The primary advantages of LS relative to conventional laparotomy include its minimal invasiveness and better cosmetic outcomes due to the small trocar incisions made in the abdominal wall20
. We found that patients can benefit similarly from LS via both approaches, as shown by postoperative recovery, including the resumption of off-bed activities, bowel movement and oral intake. The primary disadvantages of LS compared with open splenectomy include longer operation time and higher bleeding risk21
. However, our results demonstrate that the posterolateral approach significantly shortens the LS operation time and reduces the volume of intraoperative blood loss compared with the anterior approach. The lower frequency of laparoscopically uncontrollable bleeding reduces conversion to an open procedure. We observed a very low conversion rate, comparable in patients who underwent LS via the anterior and posterolateral approaches. However, conversion in the three patients was mainly due to extensive perisplenic adhesions rather than bleeding. The reduction in intraoperative blood loss also minimizes the requirement for blood transfusions, although none of our patients who underwent LS via either approach require a transfusion. This benefit is more clinically significant for patients with surgical spleen disorders as they, especially those with complicating coagulopathy, such as ITP, are more prone to surgical bleeding and transfusion-associated adverse effects.
Iatrogenic pancreatic injury is another common procedural complication following splenectomy, resulting in a severe and even fatal outcome in some patients22
. The occurrence of pancreatic injury, such as pancreatic leakage, pancreatic bleeding, and pancreatitis, is frequently underestimated, as most patients with complicating pancreatic conditions are asymptomatic. Pancreatic injuries secondary to splenectomy occur mainly during the dissection of the pancreatic tail in proximity to splenic hilum. The rate of pancreatic injury is reported to be up to 16% in patients undergoing laparotomy, but only 1-2% in patients undergoing LS23
. The rate (3.4%) of pancreatic leakage in our patients who underwent LS via the anterior approach was similar to that of previous reports, whereas use of the modified posterolateral approach reduced the rate of pancreatic leakage to zero. Inappropriate disposition of the stapler transecting the pancreatic tail and the splenic hilum results in a very high risk of pancreatic leakage. The modified posterolateral approach offers a better visualization of the splenic hilum and facilitates the dissection of the pancreatic tail away from the hilum, thus minimizing the occurrence of pancreatic tail injury and leakage. The monitoring of amylase concentrations in serum and/or peritoneal fluid can be used to detect occult pancreatic leakage22
, although abdominal CT scan may identify nonspecific pancreatic tail swelling.
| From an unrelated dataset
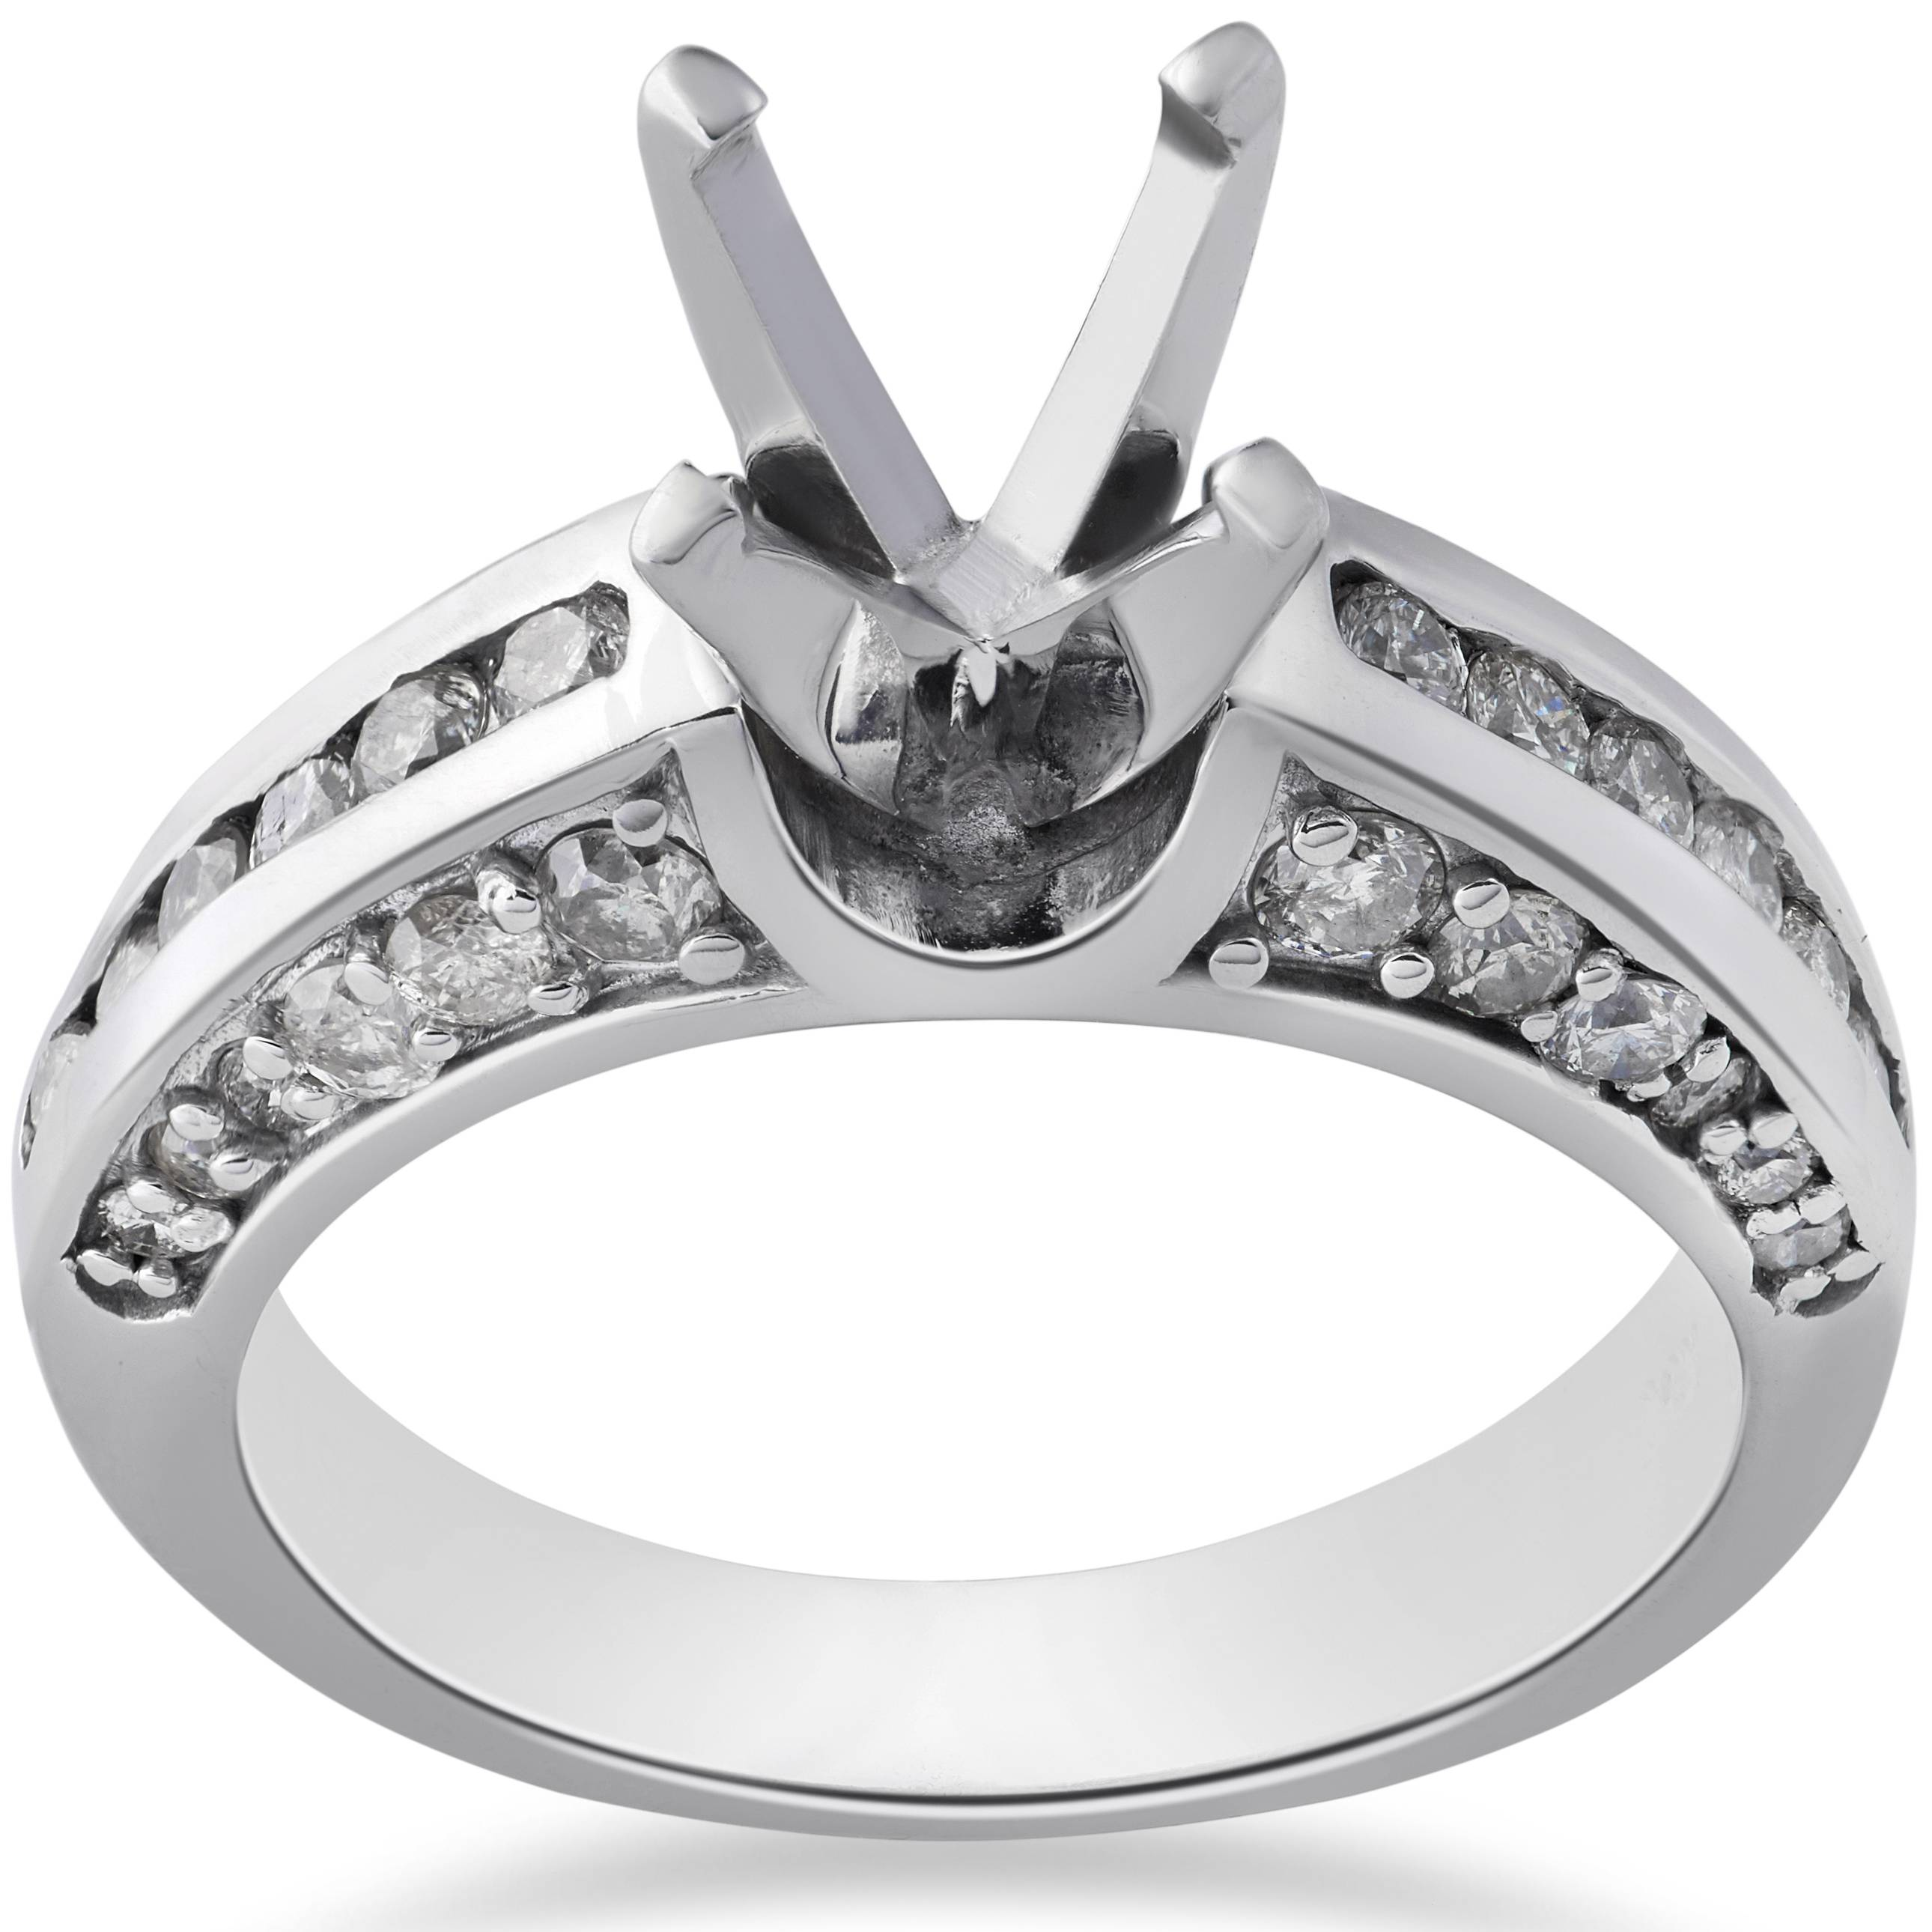 Diamond Engagement Ring Setting 1 Carat 14k White Gold. Religious Rings. Mobius Wedding Rings. Glass Breaking Wedding Rings. Or Paz Rings. Nose Wedding Rings. Kiran Name Wedding Rings. 18th Century Rings. Phd Rings

Pancreatic leakage following LS is usually transient in duration and mild in severity, with most patients requiring symptomatic treatment alone. Persistent and patent peritoneal drainage is the most effective method of controlling pancreatic leakage, minimizing secondary peritonitis and peritoneal abscess24
. The five patients who experienced pancreatic leakage following LS via the anterior approach all responded well to peritoneal drainage, and resolved without significant sequelae. Minimization of pancreatic leakage was the primary contributor to the shorter hospital stay in the PLLS than in the ALS group.
This study had several limitations. The use of either the anterior or posterolateral approach was at the discretion of the surgeon, a non-randomized patient assignment that may have resulted in patient selection bias. In addition, this analysis was retrospective in design, and surgeons were not blinded to the LS approach, thus suggesting that our results may have been subject to observation and confounding biases. To date, however, no prospective randomized control study has compared the effectiveness and safety outcomes in patients undergoing LS via the lateral/posterolateral and anterior approaches.